While most any investor can access stocks, bonds, and exchange traded funds (ETFs), alternative investments—such as art, real estate, and venture capital (VC)—have typically been for high-net-worth investors. Yieldstreet brings these private-market alternatives to everyday investors, allowing them to gain access to a growing list of asset classes outside of the traditional stock and bond markets. While it does have drawbacks—including higher-than-average minimum investments and fees—depending on your financial situation, Yieldstreet may be a way to further diversify your portfolio.

TIME’s Take

For serious investors ready to step into the world of alternatives—but who haven’t quite met the requirements to become accredited—Yieldstreet offers a great lily pad. (And it’s also a solid platform for accredited investors looking to buy alternatives à la carte.)

However, with its high account minimums and fees, months-long money lockups, and higher-than-average risk potential, Yieldstreet isn’t among the best online brokers we’d recommend for beginners.

Who is Yieldstreet best for?

Yieldstreet works best for investors who:

  • Have a relatively high amount of investment capital.
  • Are willing to make higher-risk investments for higher potential returns.
  • Are looking for an accessible way to diversify an existing stock and bond portfolio with alternative investments.
  • Want to gain access to a particular kind of alternative asset, like real estate, art, or VC.

Yieldstreet Pros and Cons

Like any investment platform—and any financial product, for that matter—Yieldstreet has both benefits and drawbacks to consider.

Pros:

  • Alternative, private-market investments—including art, cryptocurrency, and real estate—are available
  • Access available for both accredited and non-accredited investors
  • Easy-to-navigate web portal and highly rated mobile apps
  • Potential for substantial investment returns

Cons:

  • Investment minimums hover between $10,000 and $25,000—inaccessible for some beginning investors
  • Management fees may be as high as 4%
  • Speciality investments are more speculative and higher risk, per Yieldstreet’s fine print
  • Limited liquidity—lock-up periods and terms start at three months and go up to five or more year

Benefits of Yieldstreet

Here’s what Yieldstreet’s got going for it:

Access to alternative asset classes

Yieldstreet’s main appeal is its ability to grant access to alternative asset classes to everyday investors.
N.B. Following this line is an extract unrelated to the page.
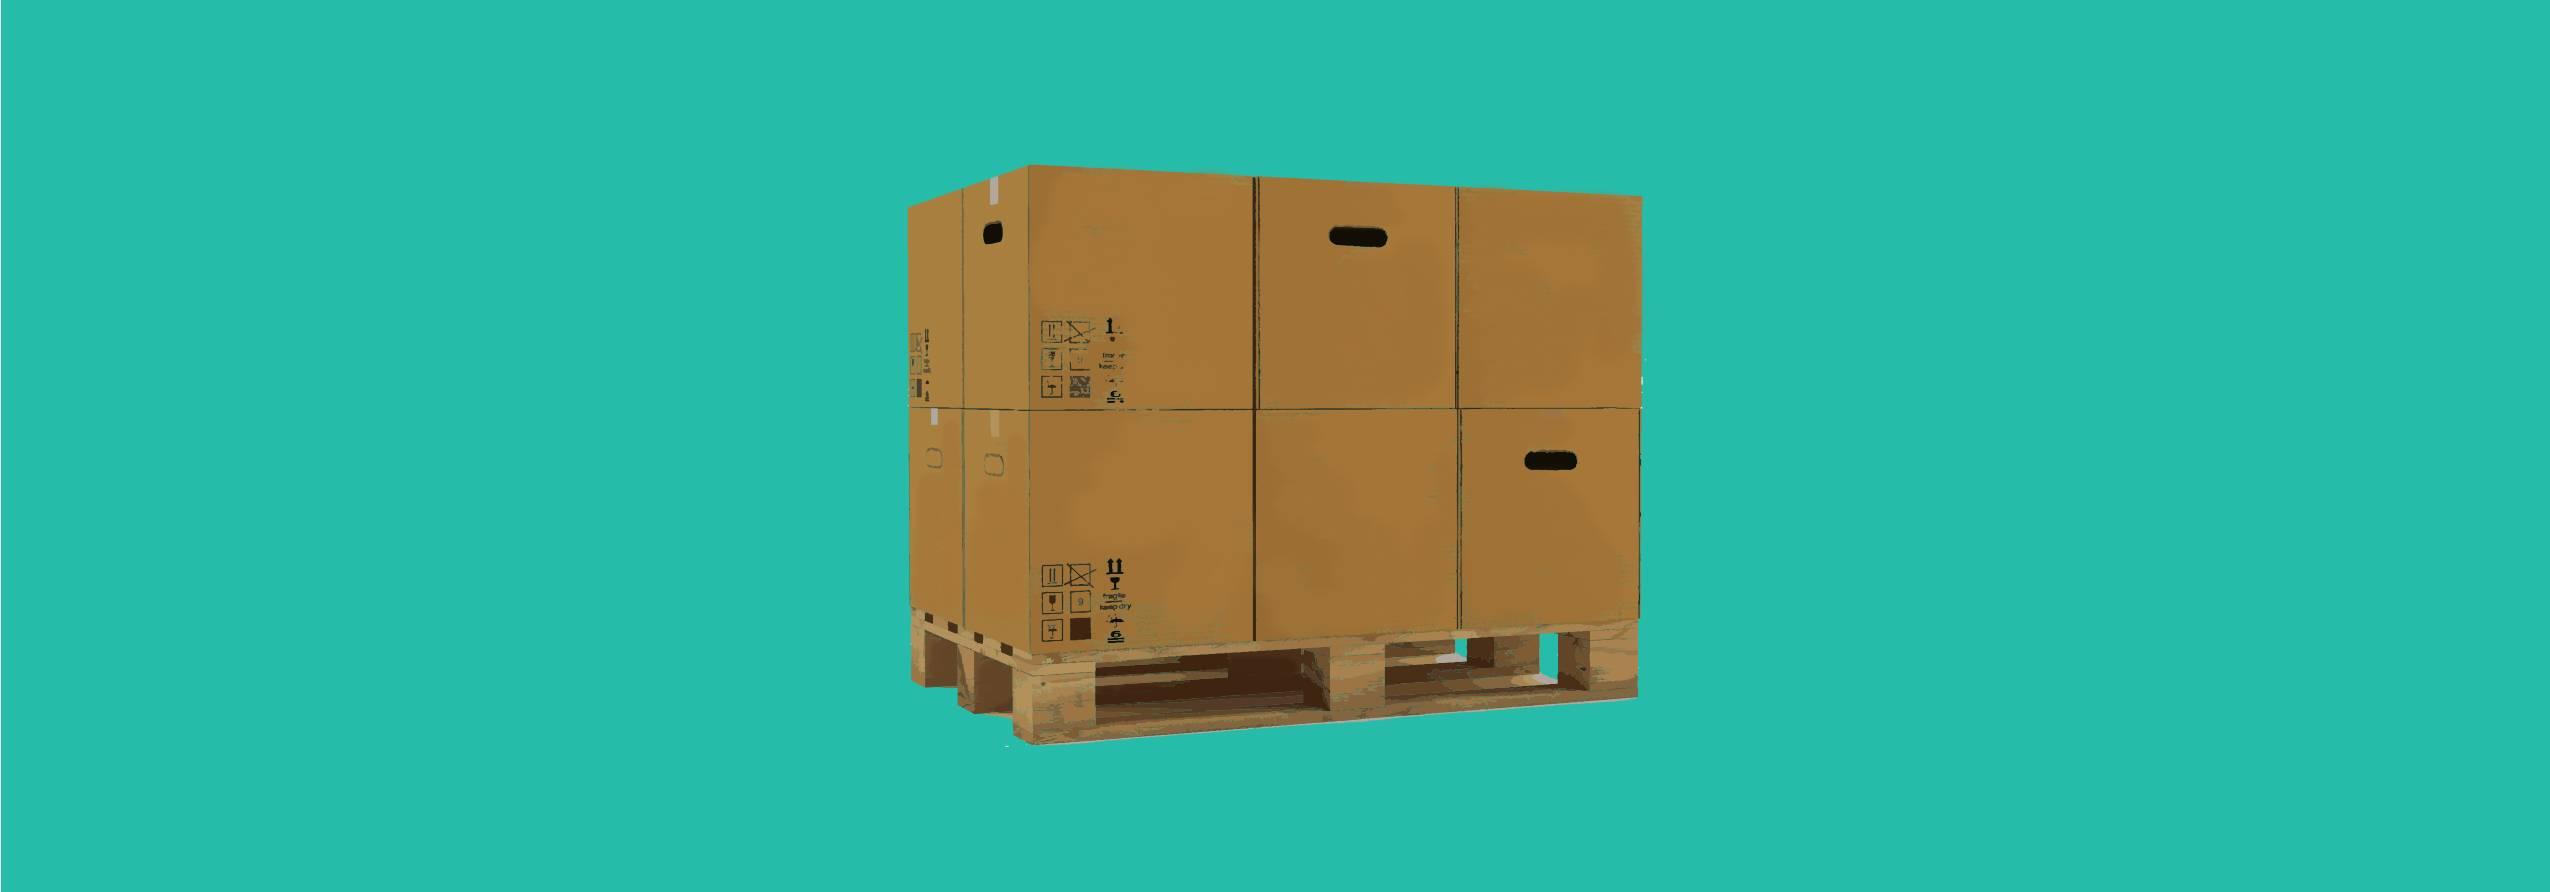 422 Storage packing supplies

With Yieldstreet’s one-stop-shop platform, investors can purchase interest in commercial real estate, artwork, venture capital investments, consumer loans, and more.
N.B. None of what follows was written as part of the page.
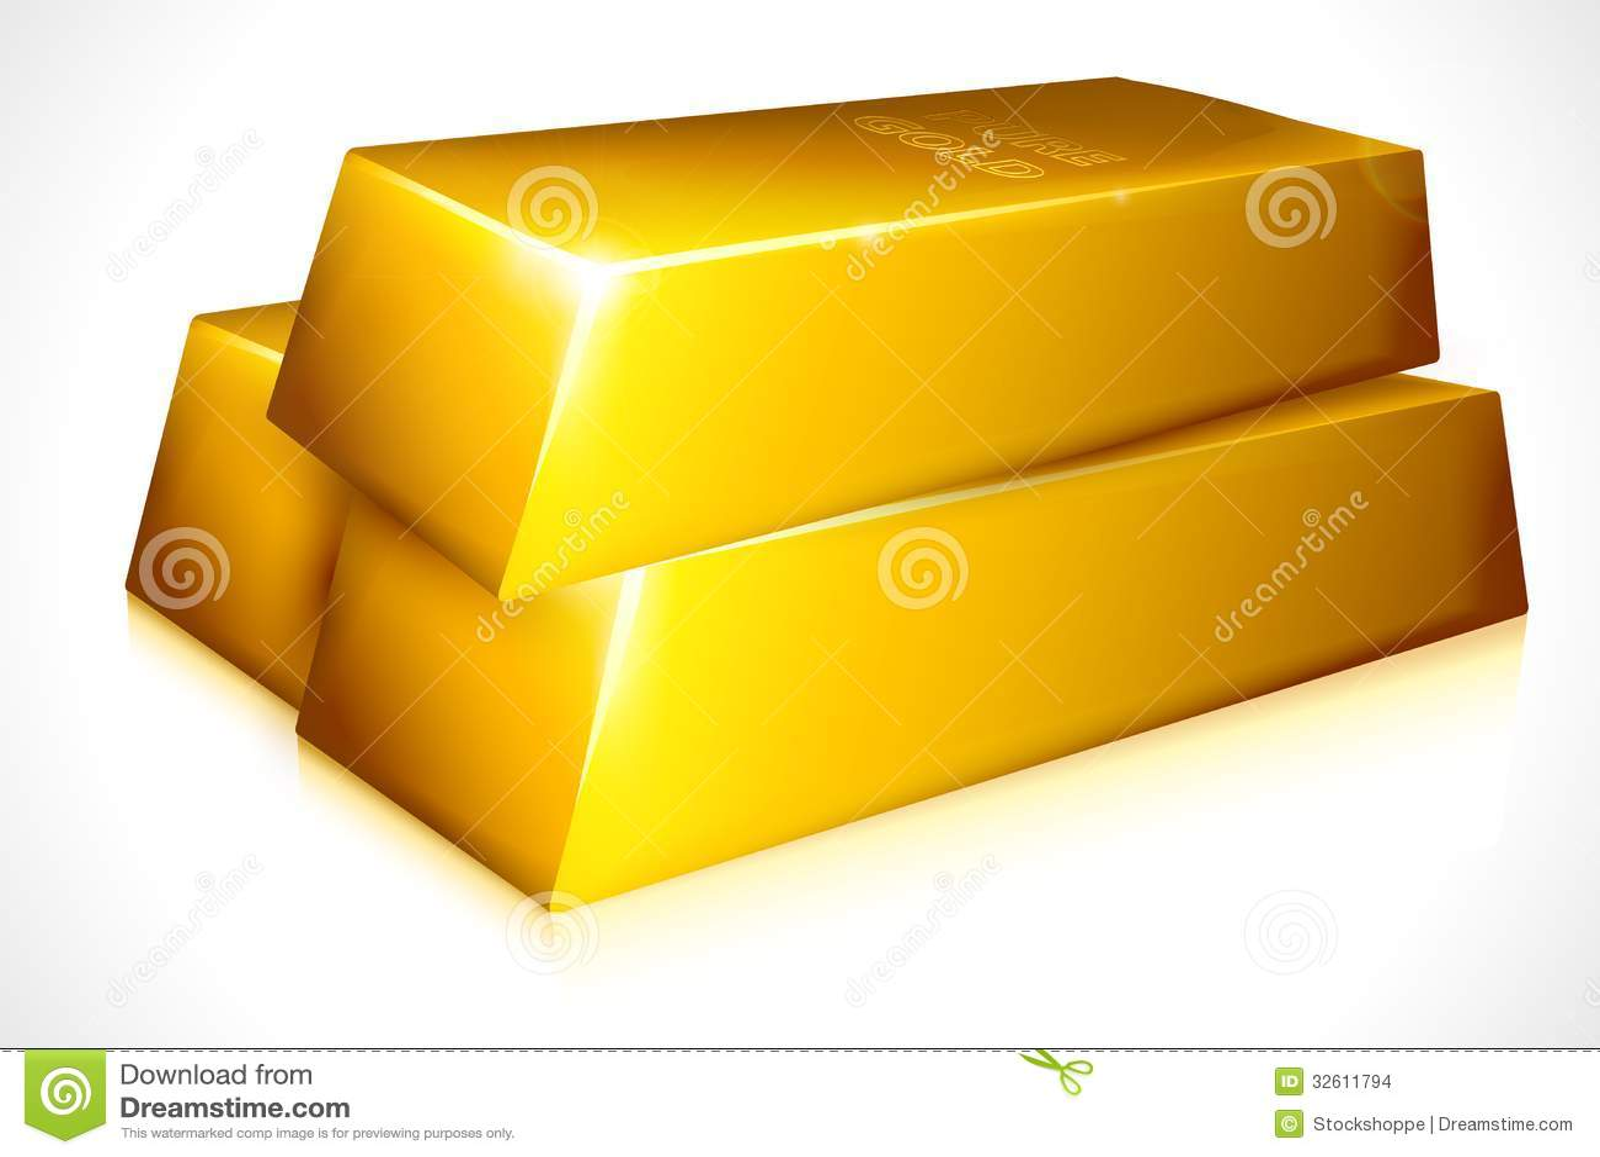 Vector illustration of gold brick against white background.

Yieldstreet allows investors to choose their assets by class, minimum, term, or strategy, with offerings listed by their potential to generate distribution income, appreciate during the selected term, or a balance of the two. Some assets are also eligible to be invested as part of an IRA portfolio, expanding investors’ retirement options.

Available to investors regardless of accreditation status

The Securities and Exchange Commission (SEC) has rules that define which investors are accredited—and therefore eligible to trade in certain asset classes such as venture capital or private equity . In general, accredited investors must meet steep income and net worth thresholds and be sophisticated in that they understand what they are investing in and the risks involved.
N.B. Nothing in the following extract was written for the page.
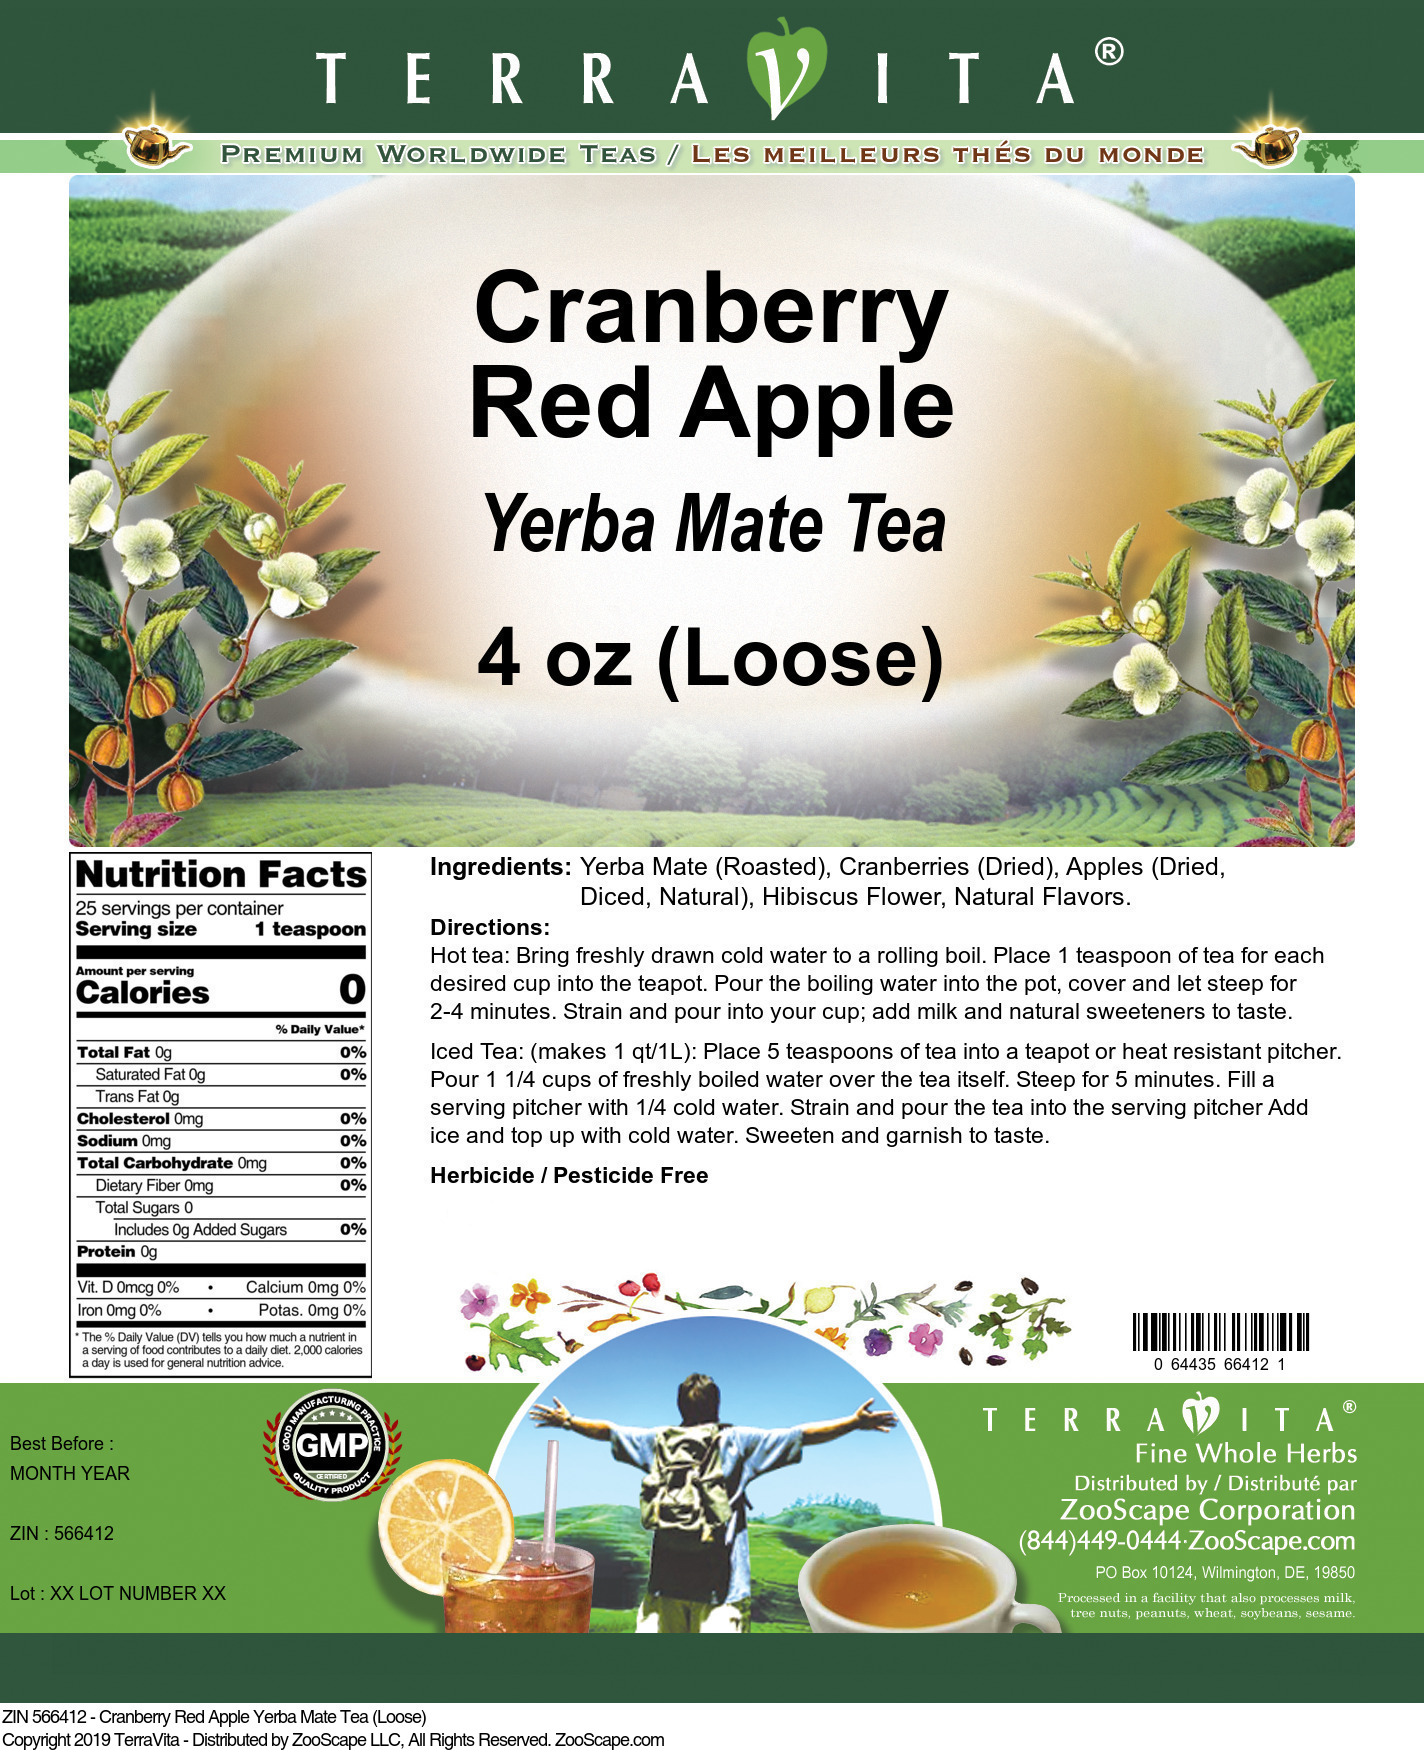 Cranberry Red Apple Yerba Mate

Yieldstreet’s Prism Fund makes it possible even for non-accredited investors to access securities usually reserved for accredited investors. (However, investors must be accredited to invest in single asset class offerings, even on Yieldstreet.)

Easy-to-navigate interface

Yieldstreet’s online portal offers a user-friendly experience with enough guidance to help you find your way without getting in the way. Portfolio-management tools include a sample portfolio and simulator, private investment screener, and educational resources.

Return potential

One of the main reasons investors are attracted to alternatives is their higher-than-average growth potential—and their resiliency during market turndowns. Yieldstreet’s platform allows investors to buy into these high-return-potential asset classes without the capital that would typically be required.

What can be improved with Yieldstreet?

Here’s what potential Yieldstreet investors need to consider carefully.

High minimum investment

While Yieldstreet provides non-accredited investors access to securities that might otherwise be out of reach, investment minimums begin at $10,000. This still may be too high for investors just getting their feet wet.

High fees

Along with high investment minimums, Yieldstreet has higher-than-average account management fees, which isn’t entirely unusual for more sophisticated investments than your typical ETF or mutual fund. Although the specifics depend on which offerings you choose, fees range from 1% to 4% annually. Additionally, there may also be annual flat fees related to specific investments.

Limited liquidity

Unlike traditional stock market investments, which can usually be sold and liquidated in a matter of hours, alternative investments may require investors to lock up their money for a time. Yieldstreet’s lockup terms start at three months.

Higher risk

Any type of investment is always subject to risk. But per Yieldstreet’s own fine print, “Investments in private placements are speculative and involve a high degree of risk and those investors who cannot afford to lose their entire investment should not invest.”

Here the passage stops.